Merged
Conversation
- generate_archive.py: add --days, --interval-seconds CLI args and ARCHIVE_DAYS, ARCHIVE_INTERVAL_SECONDS env var support; timestamps computed at runtime so archive is always relative to 'now' - Dockerfile: copy generate_archive.py into the simulator image - docker-compose.yml: add archive_generator service that runs before database starts (service_completed_successfully dependency); switch archive data from bind-mount to named volume - config.yml: generation frequency 30s->10s, 1 timestamp per file
update_cml_stats was doing a full table scan for all CMLs on every incoming 10-second file, causing ~4 minute processing delays. - db_writer.py: remove update_cml_stats from write_rawdata; add refresh_stats() method intended for background use only - main.py: run stats refresh in a dedicated daemon thread on a configurable timer (STATS_REFRESH_INTERVAL env var, default 60s) with its own DB connection so inserts are never blocked - init.sql: add idx_cml_data_cml_id index on cml_data(cml_id, time DESC) to speed up per-CML stats queries as data grows
Previously generate_archive.py called isel()+to_dataframe() once per archive timestamp (up to 864,000 calls for 10 days at 10s), and wrote the output through gzip compression. Combined: ~20 min for 10 days. - Pre-cache all unique NetCDF time slices (max 720) into numpy arrays upfront; use np.tile/repeat/concatenate to build batches of 5000 timestamps at once -- eliminates repeated xarray overhead - Drop gzip entirely: files live only in a Docker volume, compression was unnecessary and dominated write time - Output filenames change from .csv.gz to .csv - Update test to reflect new function signature and plain-file output
- Move index creation from init.sql to after \COPY in init_archive_data.sh: building the index on an empty table was maintained during bulk load, doubling COPY time; post-load index build is a single sequential scan - Drop update_cml_stats call from init script: it scanned all rows for 364 CMLs before the DB was ready, adding 1-2 min; the parser's background stats thread handles this immediately on startup instead - Result: 2-day 10s archive init time reduced from ~5 min to ~98 s
The background stats thread previously waited a full STATS_REFRESH_INTERVAL (60s) before its first run, so Grafana dashboards backed by cml_stats showed no data for up to a minute after the parser came up. Run refresh_stats() once immediately after connecting, then fall into the timed loop as before.
Member
Author
|
Current timings during startup: Startup timing (1 day archive, 10 s interval, 6.3 M rows)
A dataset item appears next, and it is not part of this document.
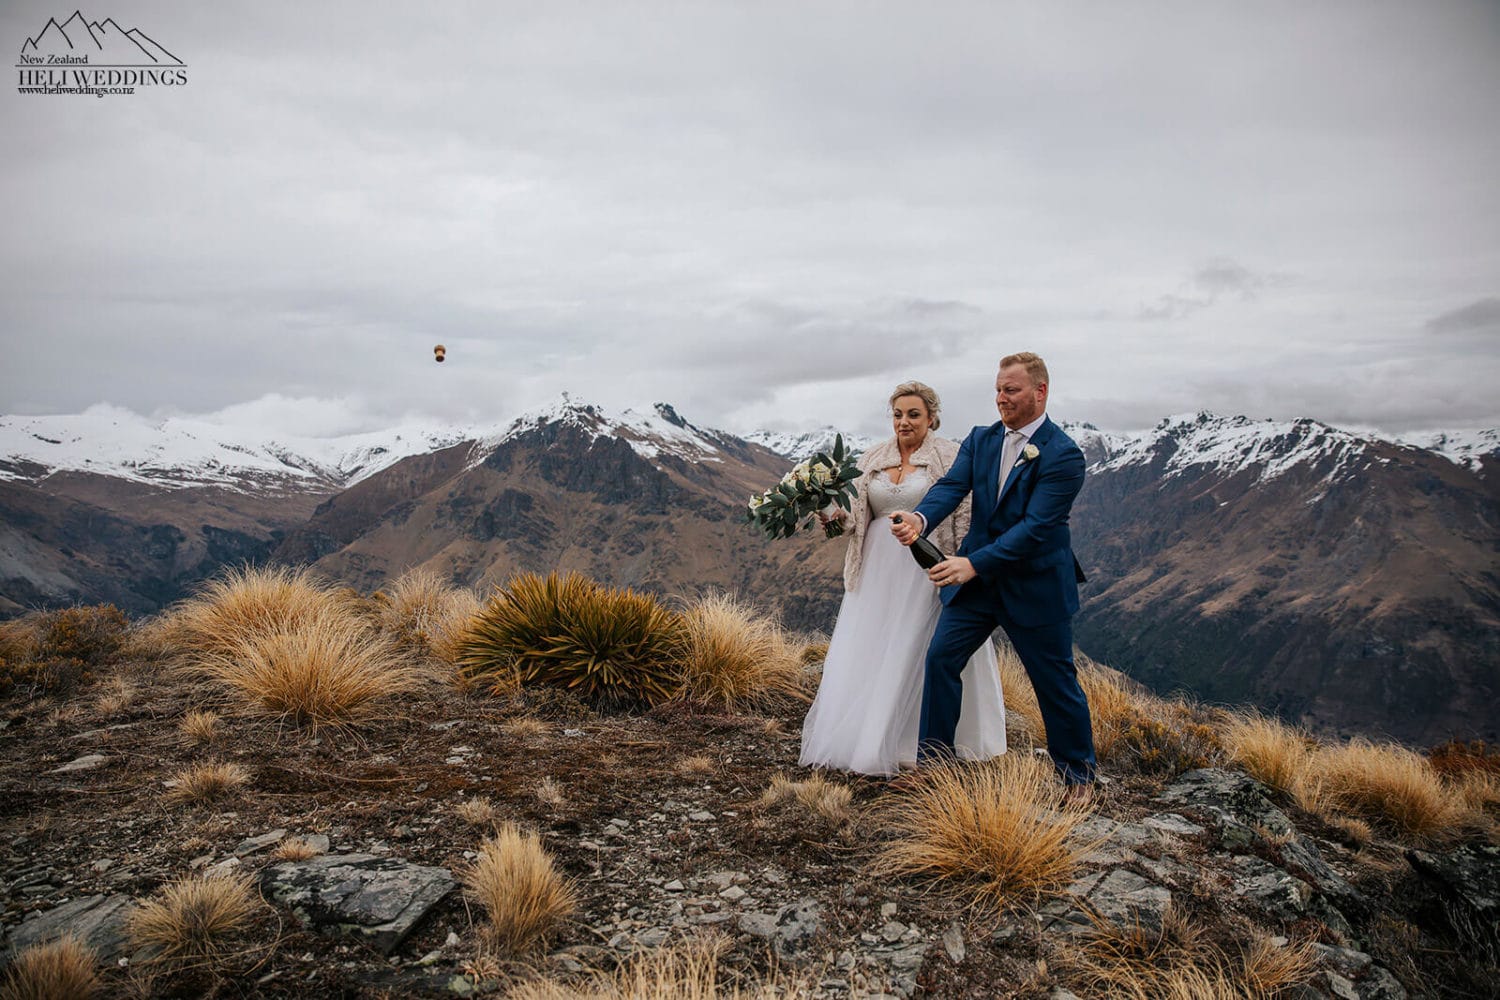 Elopement Wedding Package in Queenstown New Zealand

Real-time data flows immediately once the DB is healthy (~10 s). |
- Refactor init_archive_data.sh to work both as a PostgreSQL init-phase
script (Unix socket, no PGHOST) and as a standalone post-startup
container (PGHOST set for TCP connection)
- Credentials resolve via PGUSER/PGDATABASE env vars with fallback to
POSTGRES_USER/POSTGRES_DB so the script works in both contexts
- Replace bare \COPY cml_metadata with a temp-table approach:
COPY → tmp, INSERT INTO cml_metadata ON CONFLICT DO NOTHING
so the script never aborts when the parser has already inserted
metadata from a real-time upload before the loader runs
- Change CREATE INDEX to CREATE INDEX IF NOT EXISTS for the same reason
- Update comment in init.sql to reference archive_loader service
Previously the archive data was bulk-loaded inside PostgreSQL's init
phase (docker-entrypoint-initdb.d), which blocked all TCP connections
for 1-3 minutes. Services that depended on 'database' would start,
fail to connect, and the parser's stats thread would exit permanently.
New startup sequence:
archive_generator → generates CSVs (runs before DB starts)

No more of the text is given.